Lawmakers from both parties are calling for Federal Deposit Insurance Corporation (FDIC) chairman Martin Gruenberg’s resignation after a report revealed a pervasive environment of sexual harassment, discrimination, and bullying at the agency.

Gov. Kathy Hochul (D-NY) apologized after saying there are “young Black kids growing up in the Bronx who don’t even know what the word ‘computer’ is”... Rep. Mike Collins (R-GA) walked back his praise for a Mississippi counterprotester who made apelike sounds at a Black pro-Palestinian demonstrator... Rep. Jared Moskowitz (D-FL) deleted a tweet promoting a racist stereotype about Asian people... Trump says that Sen. Jon Tester (D-MT) “looks pregnant.”

Robert F. Kennedy Jr. says doctors found a dead worm in his brain.


The day ahead.

The House will consider a census bill today. (Kansas State University)

President Biden will travel to the key battleground state of Wisconsin, where he will hold an official event and a campaign event, both in Racine County. Later today, he will travel to Chicago for a campaign fundraiser before returning to D.C. Biden is also set to record an interview with CNN’s Erin Burnett, which will air at 7 p.m. ET.

The Senate will resume consideration of the FAA reauthorization package.

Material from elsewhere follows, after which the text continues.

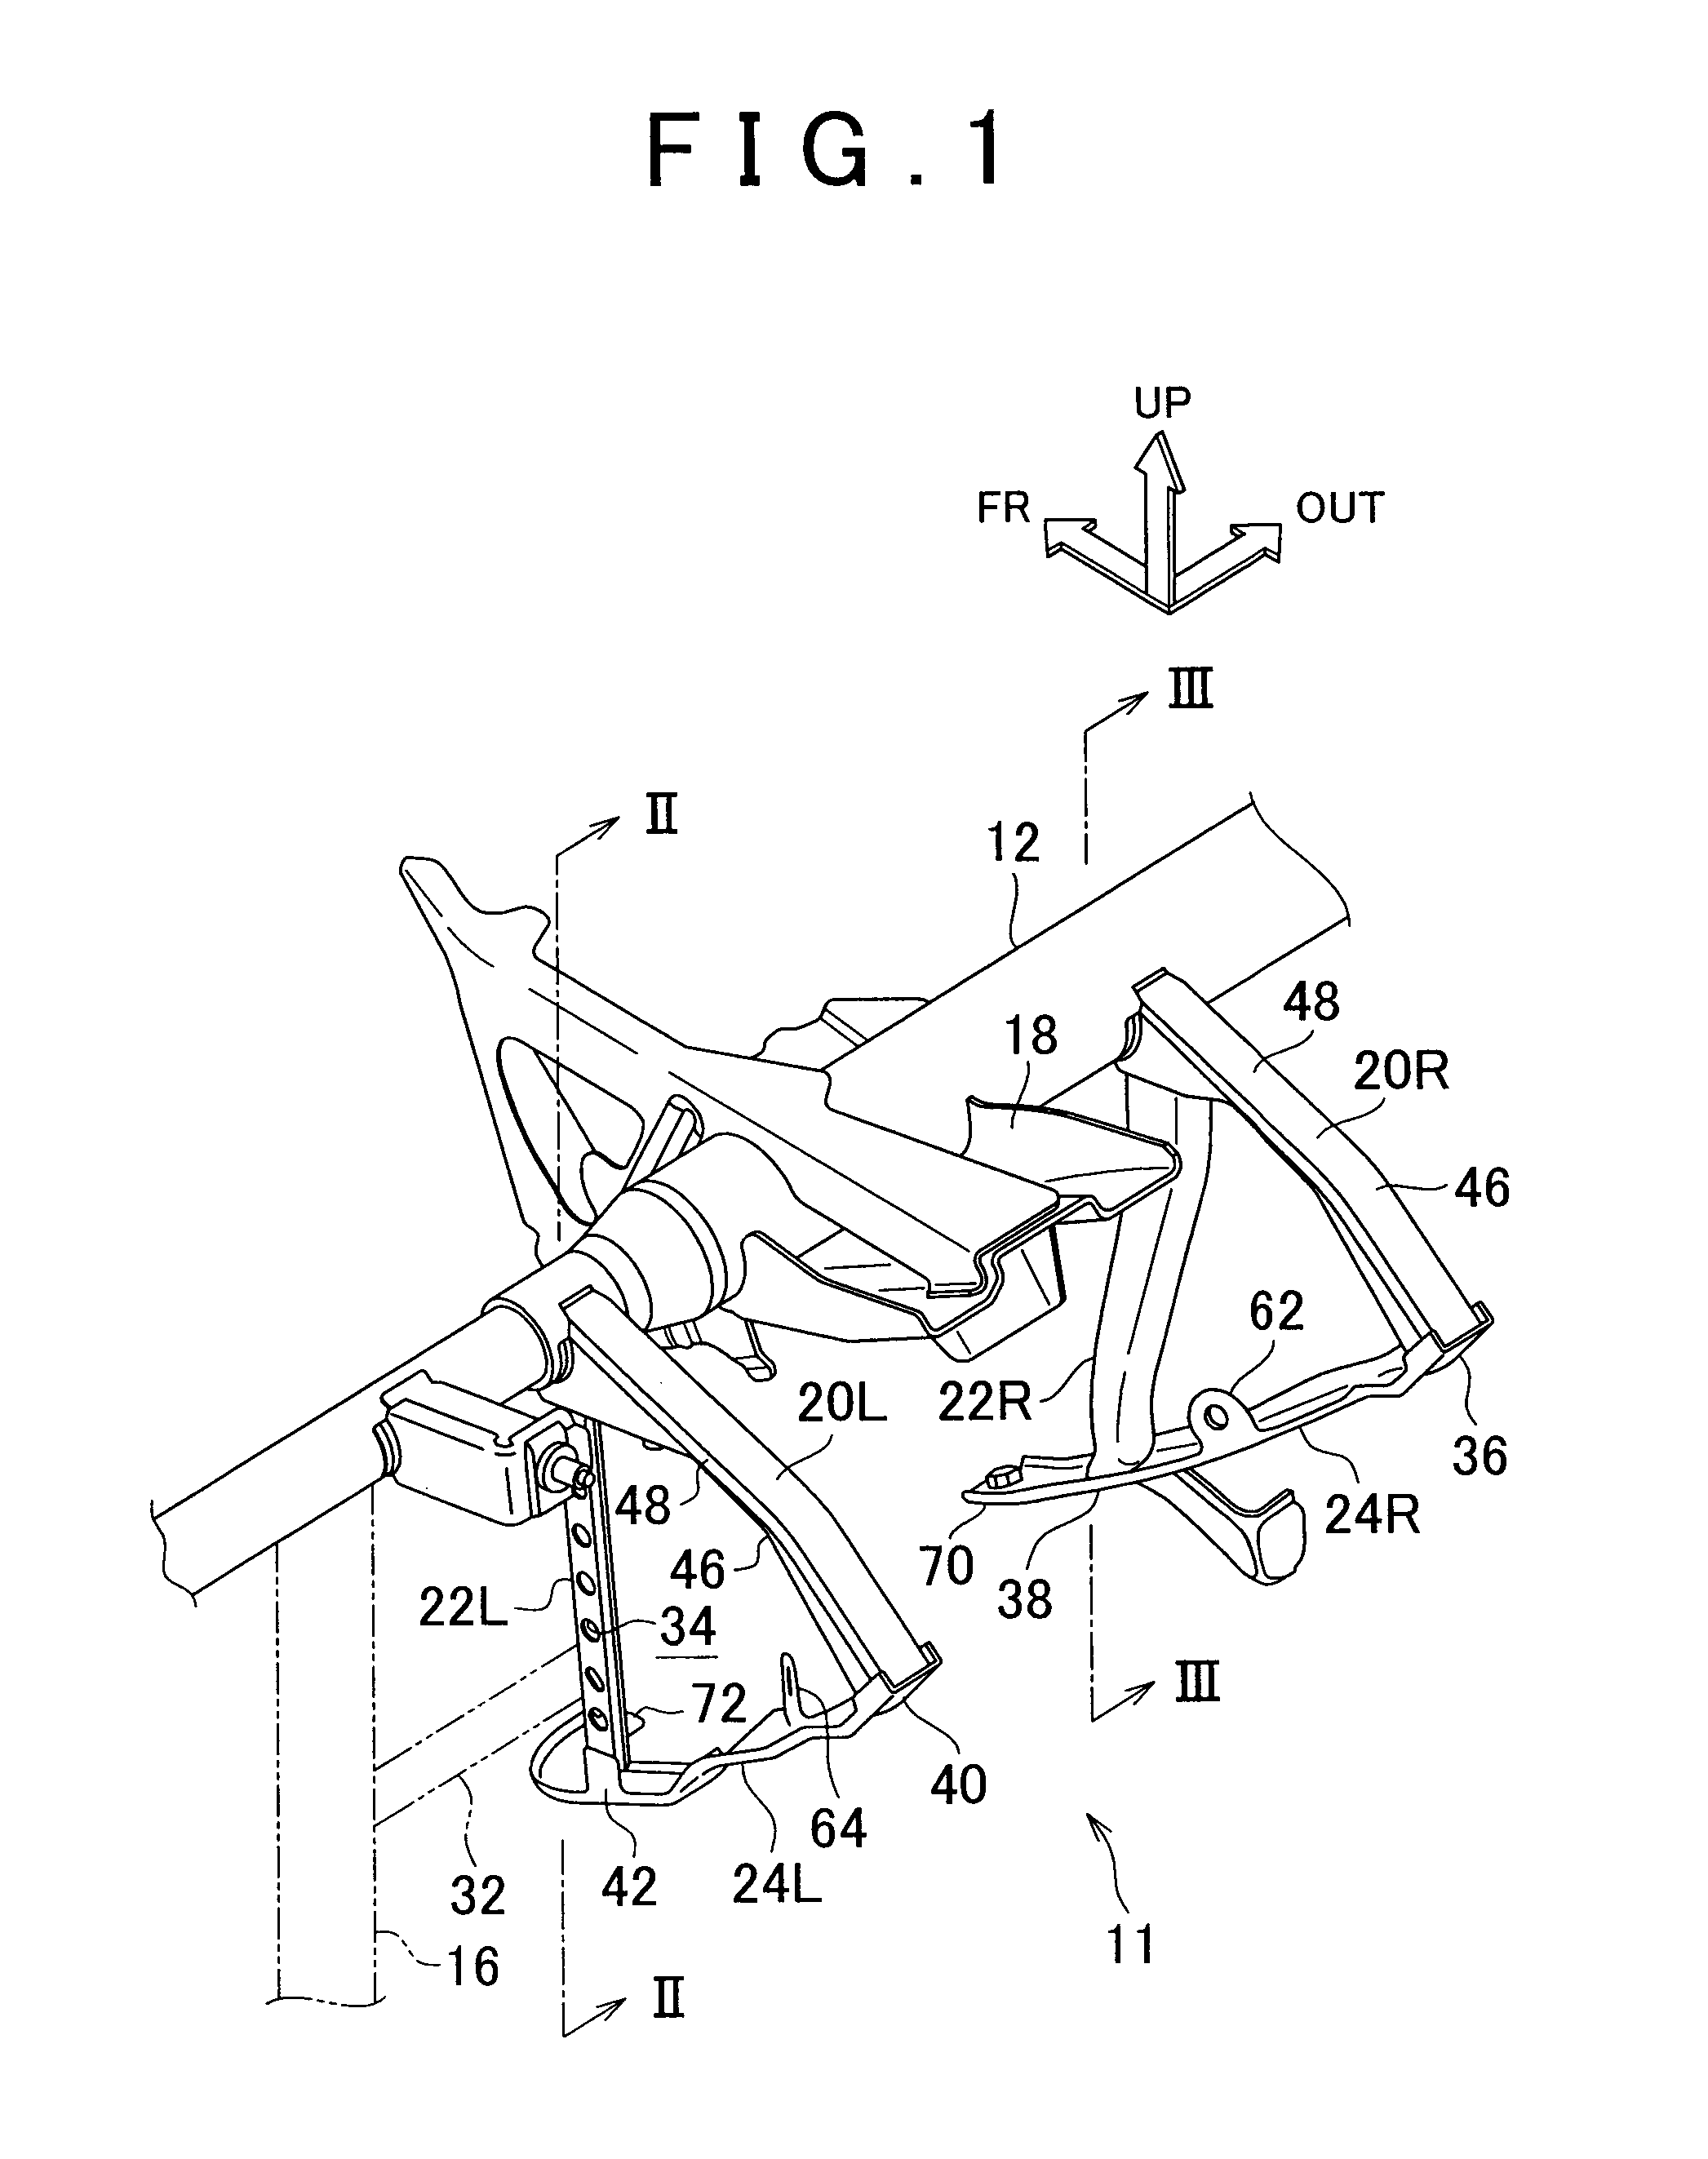 Rearward pedal movement restraint assembly for vehicle
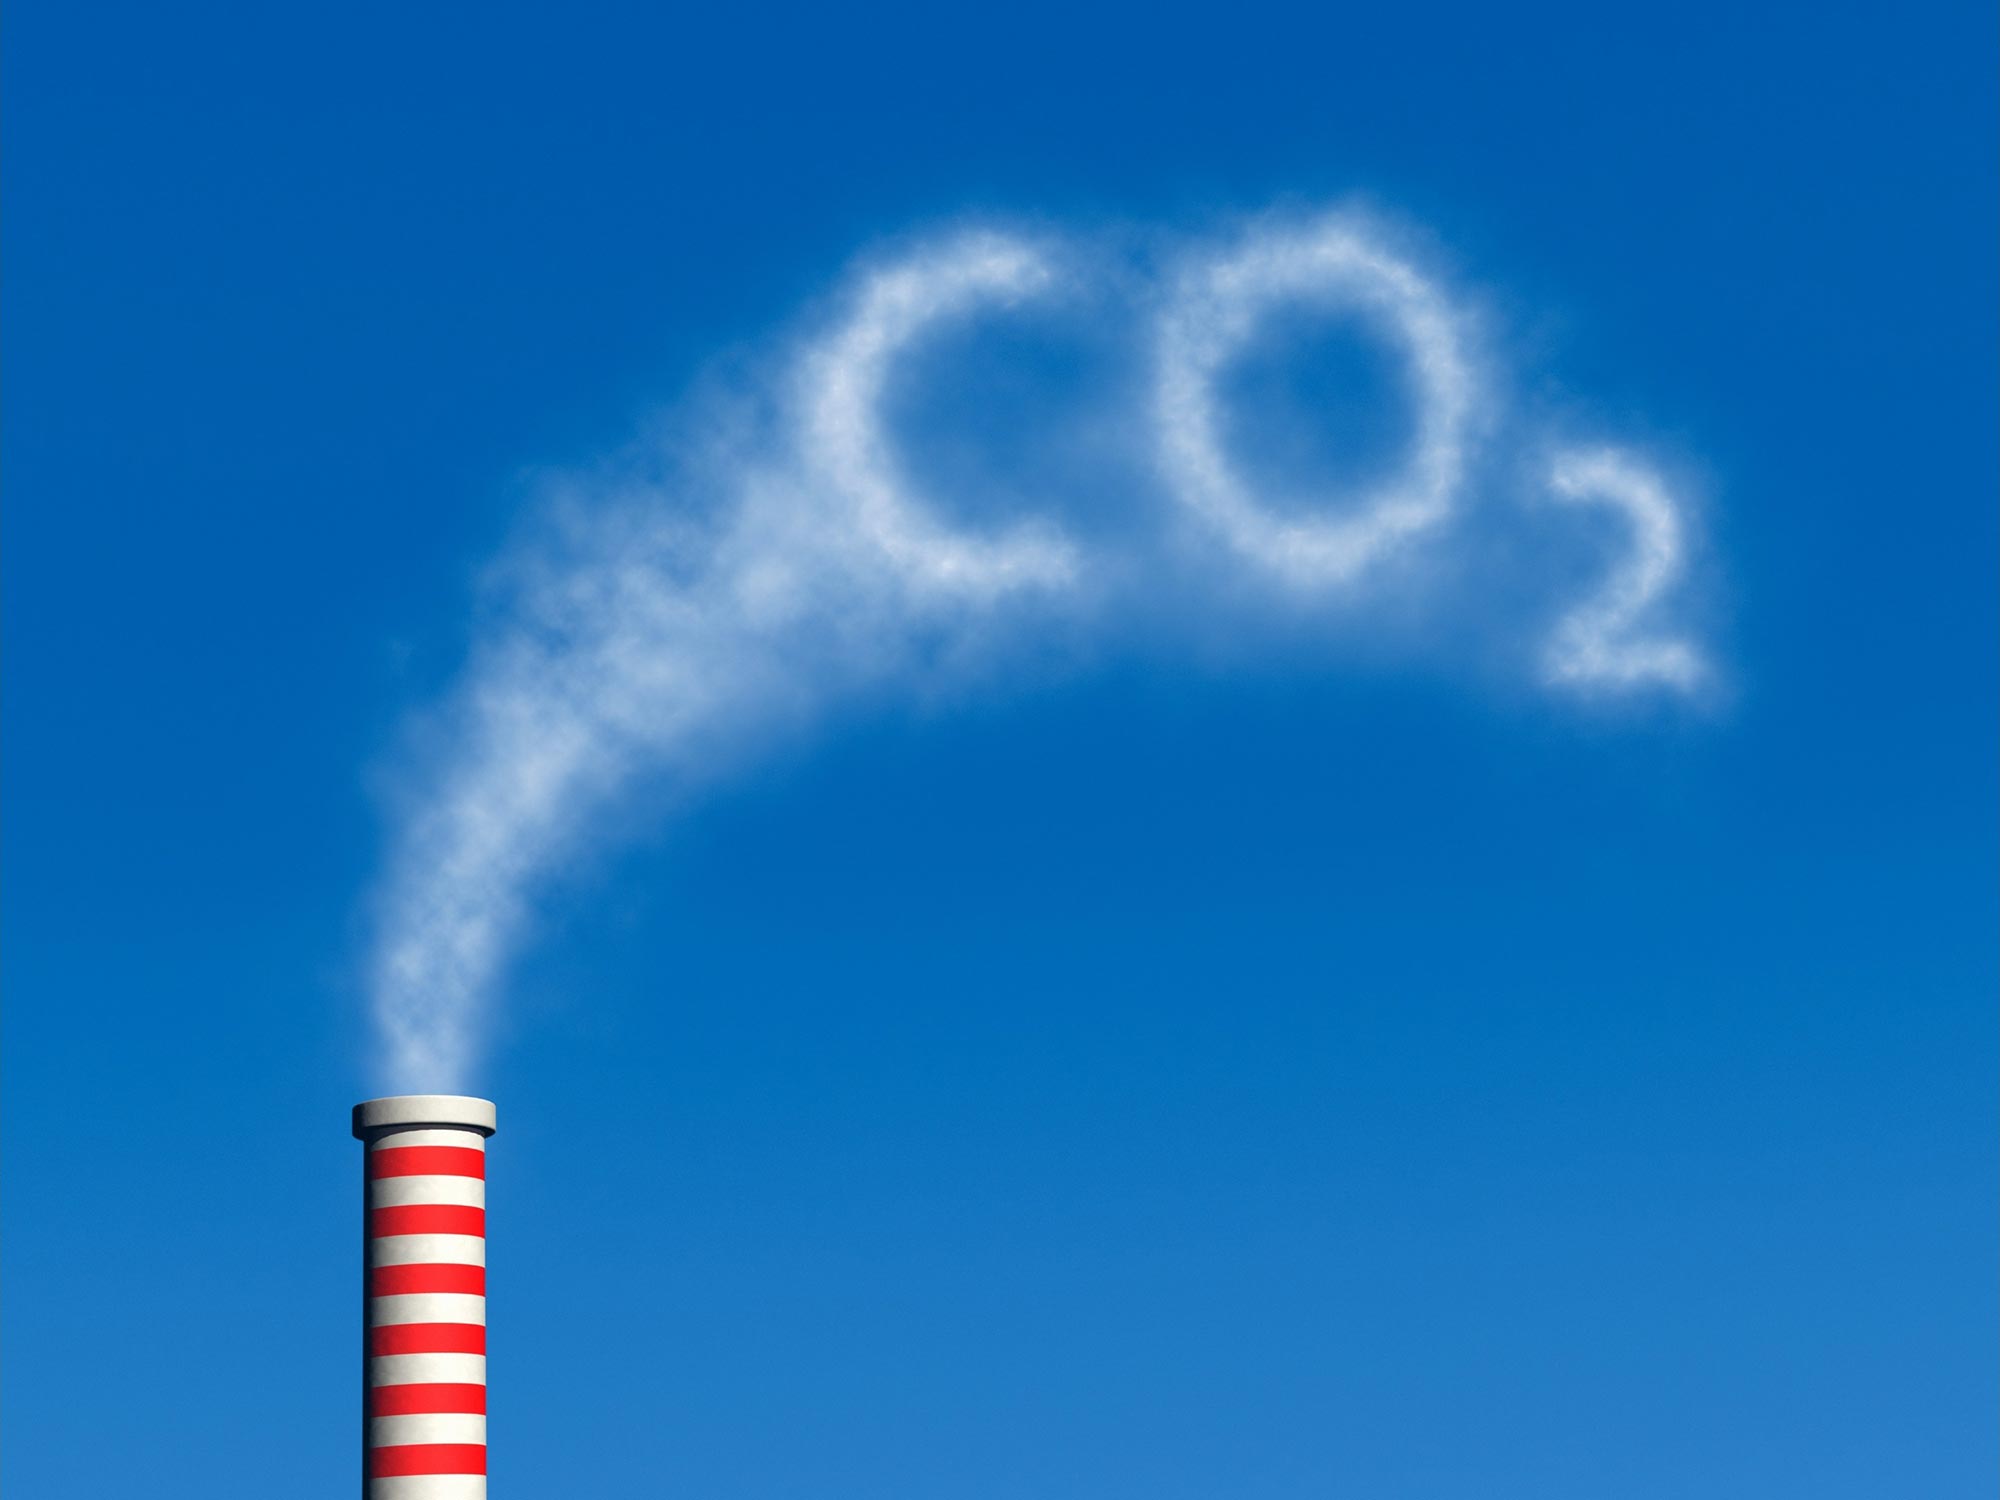 https://scitechdaily.com/images/CO2-Carbon-Dioxide-Power-Plant-Smokestack-Illustration.jpg

The House is set to vote on the Equal Representation Act, which would include a controversial citizenship question in the decennial census. The chamber will also vote on measures related to mining and crypto accounting.

CIA Director Bill Burns is in Israel to meet with leaders after the latest rounds of ceasefire talks in Cairo. The White House said yesterday that a deal is still within reach, although the negotiations have reportedly sparked tensions between the U.S. and Israel.

Republican presidential candidate Donald Trump is using his day off from his New York criminal trial to meet with supporters who bought his NFTs at Mar-a-Lago, some of whom will receive “pieces of the suit and the tie that Trump was wearing when he was arrested,” per Axios.